A New Government in Delhi: will the elephant dance again?

A New Government in Delhi: will the elephant dance again?

Strategic Communications

May 27, 2014

The election campaigns of the incumbent (Indian National Congress or Congress) and the challenger (Bhartiya Janata Party or BJP), in the recently concluded Indian elections, were studies in contrast. While the BJP aggressively pushed the polarizing figure of its prime ministerial candidate Narendra Modi, communication from the Congress appeared inadequate, reluctant even to sell some of its best work to the electorate. The result was a clear sweep by the BJP – winning 52% of the parliamentary seats, despite winning just 31% of the polled votes – and the first single-party majority government in three decades. Such a clear party mandate caught many by surprise, including those in the victor’s camp. With less than 10% of the seats in the lower house, the Congress will not be able to assume leadership of the official opposition party (a cabinet rank position in government) by itself – the Congress’ Gandhi-Nehru dynastic appeal has clearly worn thin.

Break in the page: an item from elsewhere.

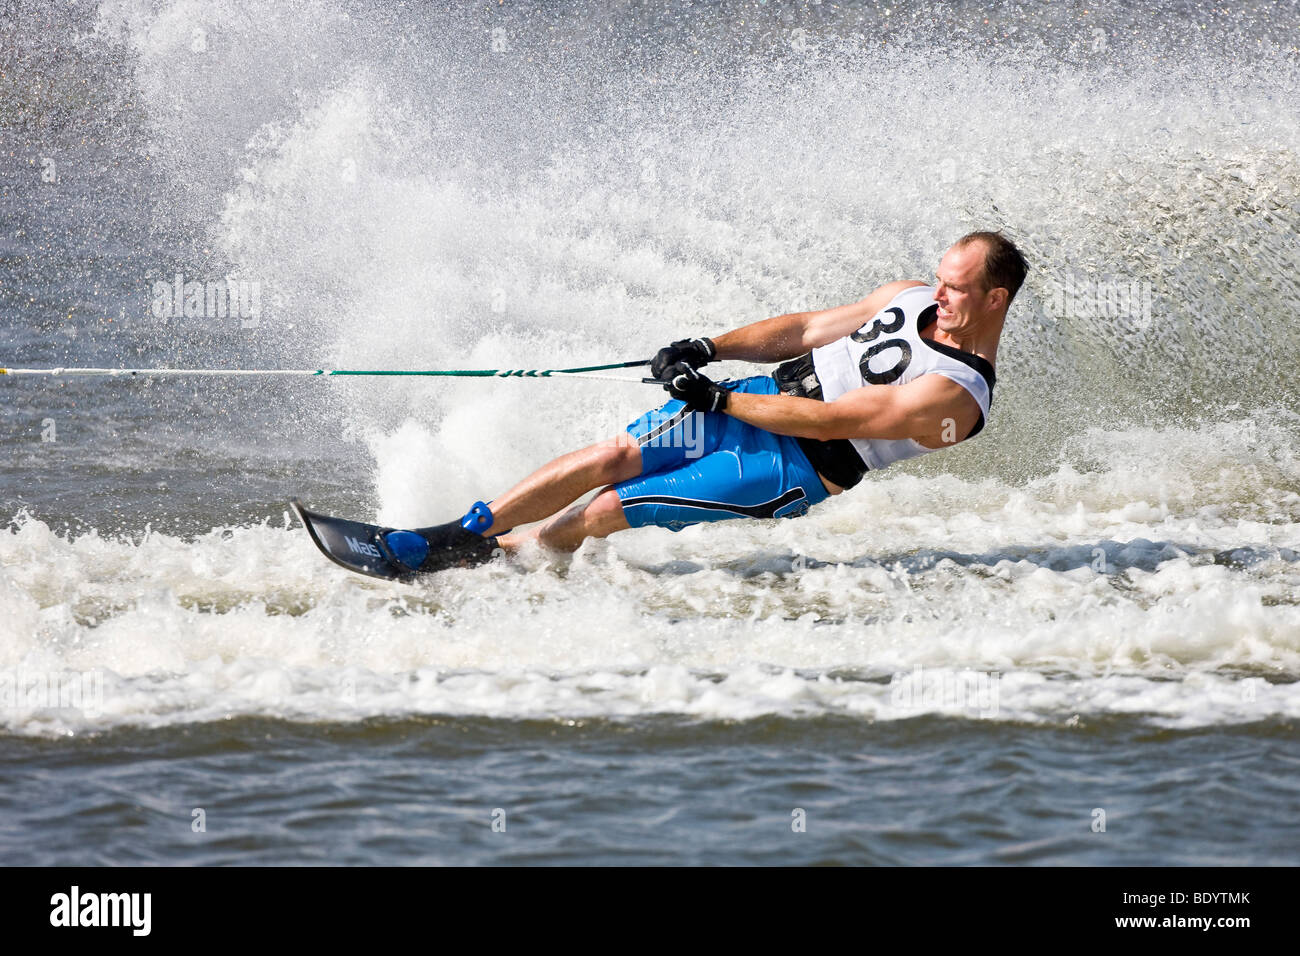 Glenn Campbell, Great Britan, high speed slalom waterskier Stock Photo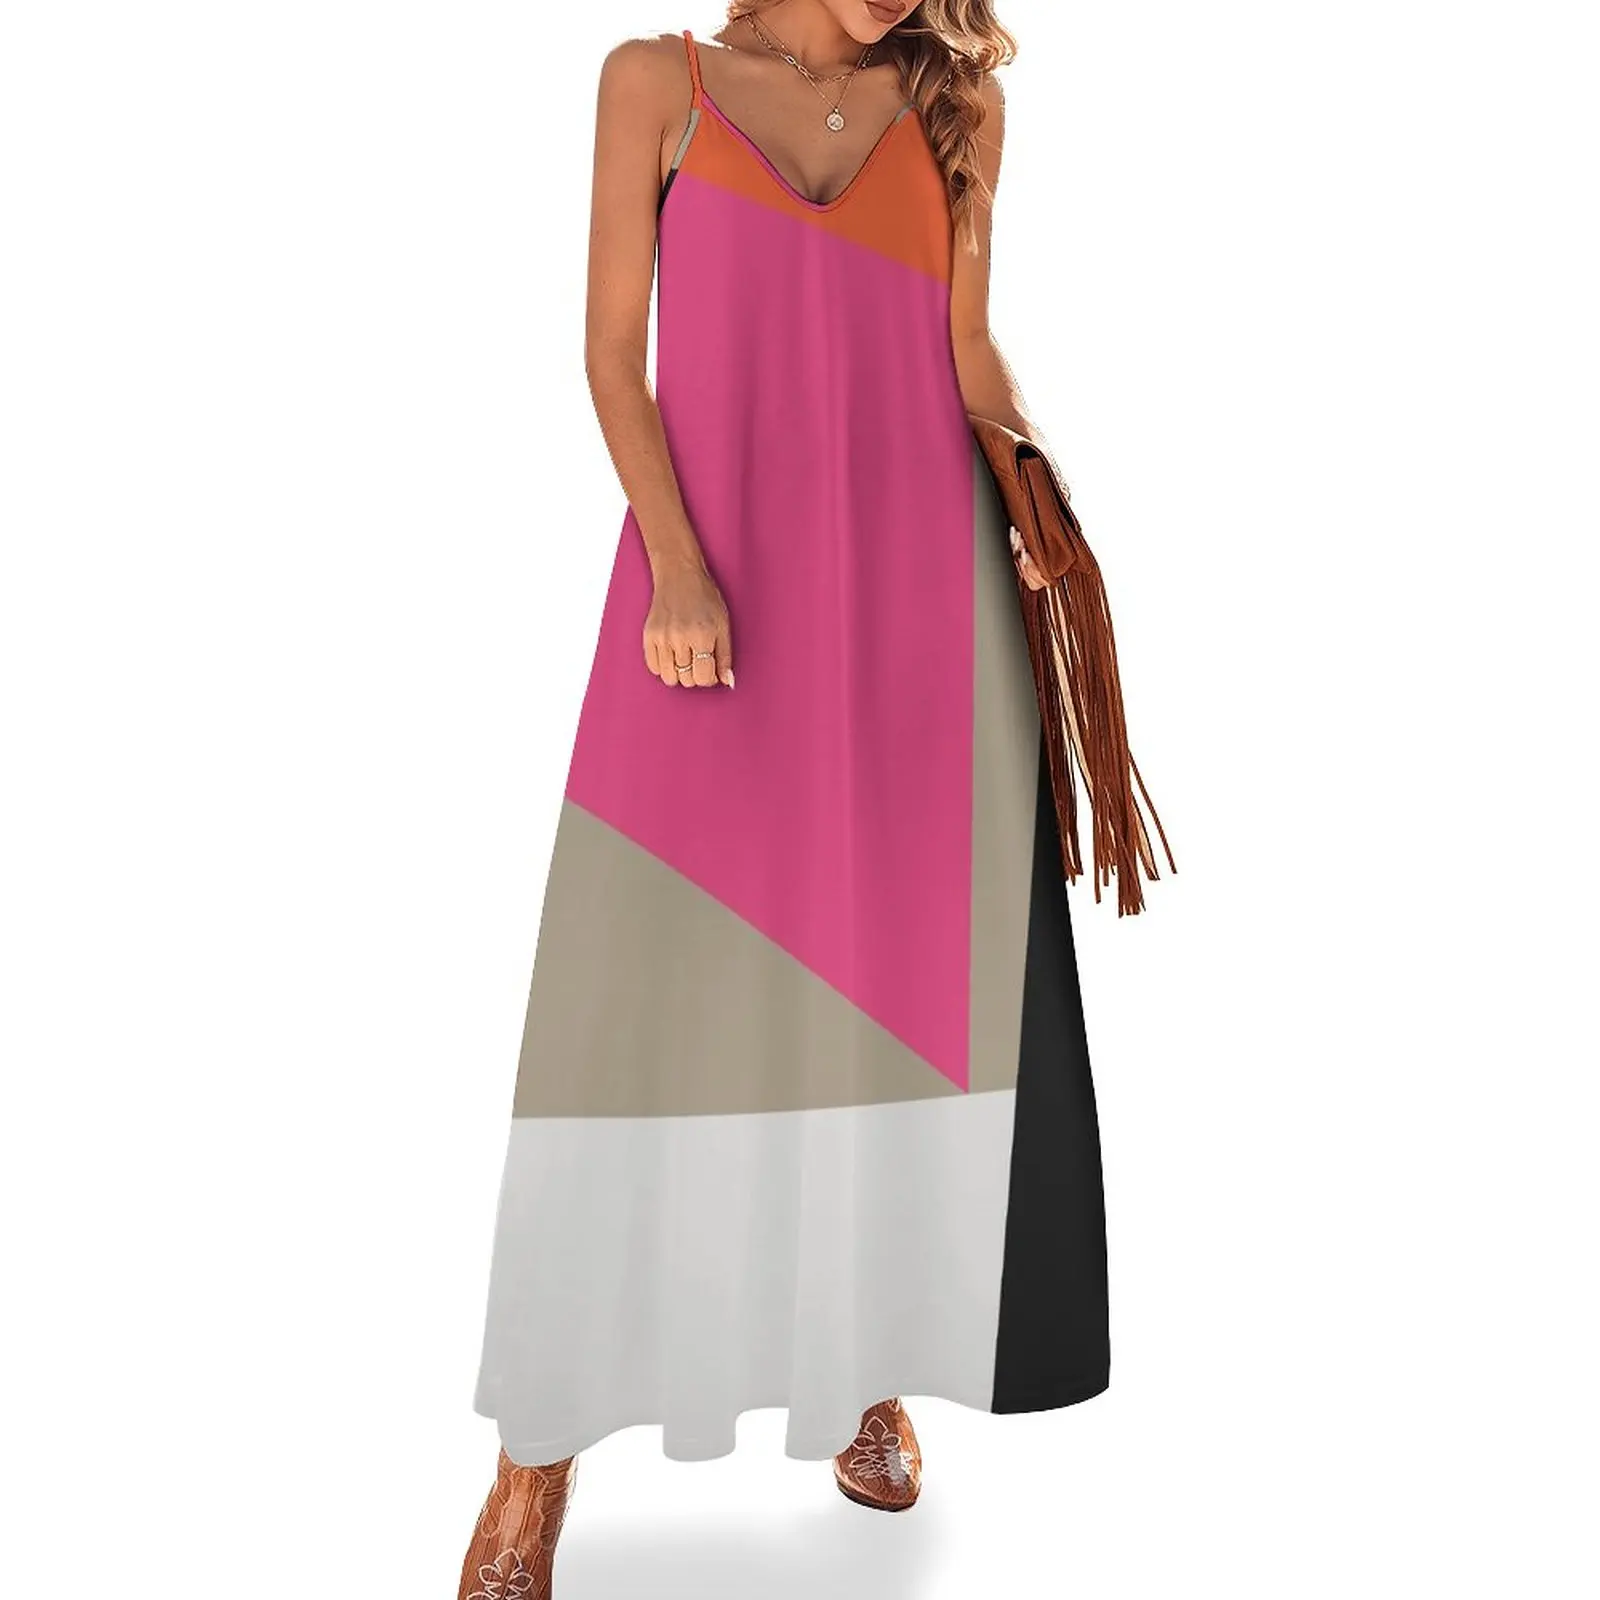 

Mid Century Modern Vintage Inspired Colorfield Geometric Abstract Poster Sleeveless Dress Women's summer long dress

In this article, we analyze the implications of this change of guard in Delhi, for the business community in India and abroad.

A functioning Parliament

With a clear majority government of 282 of the 553 seats in the lower house (Lok Sabha) of parliament, the new BJP government can function without coalition partners getting in its way. Parliamentary proceedings in the lower house are expected to be tamer and more productive in the next five years. However, with only 62 seats in the 245-seat upper house (Rajya Sabha), the government will be unable to pass legislative bills without the support of the Congress and its allies (as non-money bills require passage in both houses). The numbers in the upper house are expected to change in BJP’s favour in 2016, when a third of the upper house seats are up for re-election.

Till then, the BJP government is expected to focus on administrative improvements, with an emphasis on taxation reforms, to reassure investors and help re-start the investment cycle. Following are three taxation-related policy initiatives that the new government is expected take up in the first 100 days of its tenure:

  • Roll back of retrospective taxation provisions – The BJP had promised to end the colorfully-worded ‘tax terrorism’ of the previous government and win back investor interest as its first priority. Prime Minister Modi is unlikely to delay a resolution on this contentious issue and is expected to provide clarity on this subject by July 2014, during the budget session of parliament.
  • Goods and Service Tax (GST) Bill – This significant legislation harmonizes the multiple central and state-level indirect tax regimes currently in place, and replaces it with a single unified regime. The new government is hoping to enact the necessary legislation for a nationwide GST rollout by April 1 2015. The Congress has promised, for now, to support the government and allow passage of both, the constitutional amendment bill (dividing central and state tax remits) that needs to precede the GST Bill and the GST Bill itself, in the upper house.
  • vDirect Tax Code (DTC) – this will replace India’s archaic income tax laws and simplify the tax structure. The roll-out, however, is expected to coincide with that of the new GST regime.